В противовес Н. Хэммонду Ф. Уолбэнк утверждает[512], что имеющаяся в нашем распоряжении речь этолийского посла восходит к современной Полибию записи. Однако в одной из более поздних работ его заявления уже не являются столь категоричными. Предположение о том, что феки сознавали неминуемость римского вторжения в Элладу вскоре после завершения войны с Ганнибалом, он считает безосновательным, но допускает версию, что некоторые из греков могли верить в это; метафора о «тучах с запада» является отголоском существовавших у них опасений[513]. В. Тарн видит доказательство подлинности речи во враждебном отношении Полибия к этолийцам, полагая, что если бы речь не была аутентичной, историк никогда не вложил бы ее в уста этолийца[514]. Существует точка зрения о том, что идея панэллинского союза против римлян была весьма популярна в то время, а речь Агелая отражает подлинную антиримскую пропаганду, характерную для 217–199 гг.[515]
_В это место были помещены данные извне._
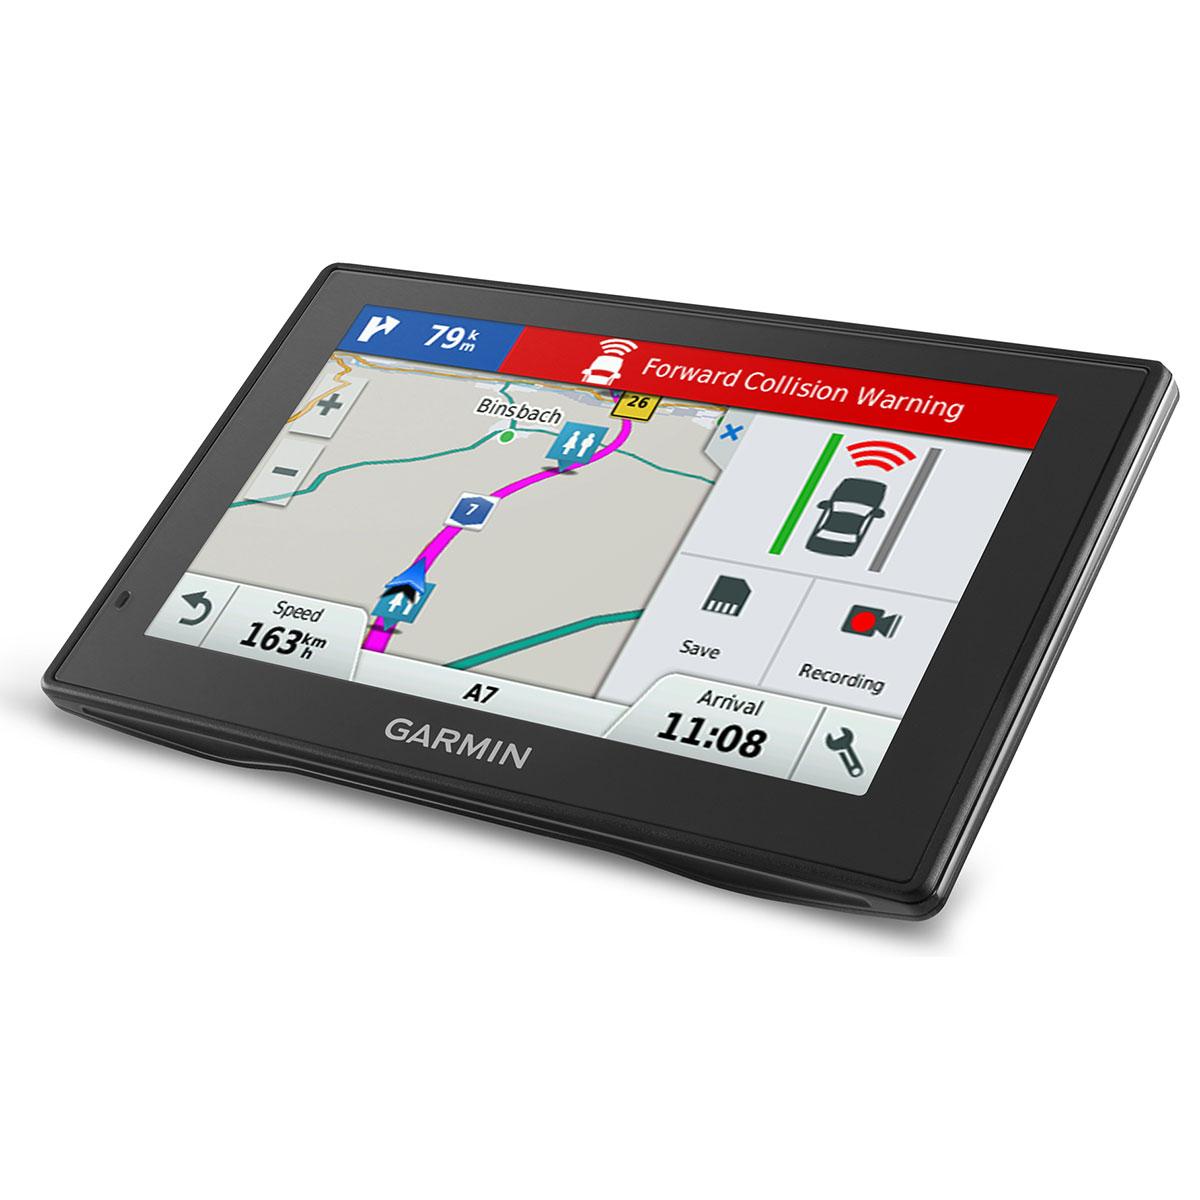 GPS навигатор Garmin DriveAssist 50LMT Europe [010-01541-11]GPS навигаторы<br>Garmin DriveAssist50 - GPS навигатор со втроенной камерой и возможностью подклучения второй<br><br>Современный мир с его огромным количеством многополосных дорог, сложных перекрестков и многоуровневых развязок предъявляет серьезные требования к подготовке водителя и обязывает его использовать самые современные средства навигации. Такие, как Garmin DriveAssist 50! Это устройство – не просто GPS-навигатор! Это полноценный «комбаин», который способен прокладывать путь, поддерживает подключение сторонних гаджетов и аксессуаров, а также несет в себе огромное количество...<br><br>Область применения: автомобильный<br>Возможность загрузки карты местности: Есть<br>Функция расчета маршрута: Есть<br>Програмное обеспечение: Garmin<br>Голосовые сообщения: есть<br>Тип антенны: внутренняя

В качестве доказательства против аутентичности рассматриваемой речи можно подчеркнуть следующие моменты:
— во-первых, в 217 г. о Риме в греческом мире еще никто не думал; идея сцепления событий на Западе и на Востоке (1, 3, 4; IV, 28, 5; V, 31, 4–5; V, 104, 4–9) — кабинетная теория Полибия;
— во-вторых, упоминание о «карфагенской угрозе» (V, 104, 3) также является следствием рассуждений историка о неизбежности мирового господства победителя во второй Пунической войне (I, 3, 6; XV, 9, 2; XV, 10, 2);
— в-третьих, прослеживается много схожих элементов между этой речью и панэллинскими речами Ли киска и Фрасикрата (IX, 37–39; XI, 4–6);
— в-четвертых, бросается в глаза «резкий контраст между наступательными и оборонительными мотивами у Агелая»[516]. Почти такую же речь Юстин (29, 2, 9–3, 1) приписывает Филиппу, обращавшемуся к союзникам. В ней также упоминаются и опасность для Греции, и надвигающаяся с запада гроза: «Филипп говорил, что видит, как в Италии разрастается туча жестокой и кровопролитной войны; он видит надвигающуюся с Запада грозу…» (Just., 29, 3, 1). «На западе возвысились две новые державы — пунийцев и римлян, которых одно только удерживает от нападения на Грецию и Азию — они все еще воюют между собой за господство» Gust., 29, 2, 9).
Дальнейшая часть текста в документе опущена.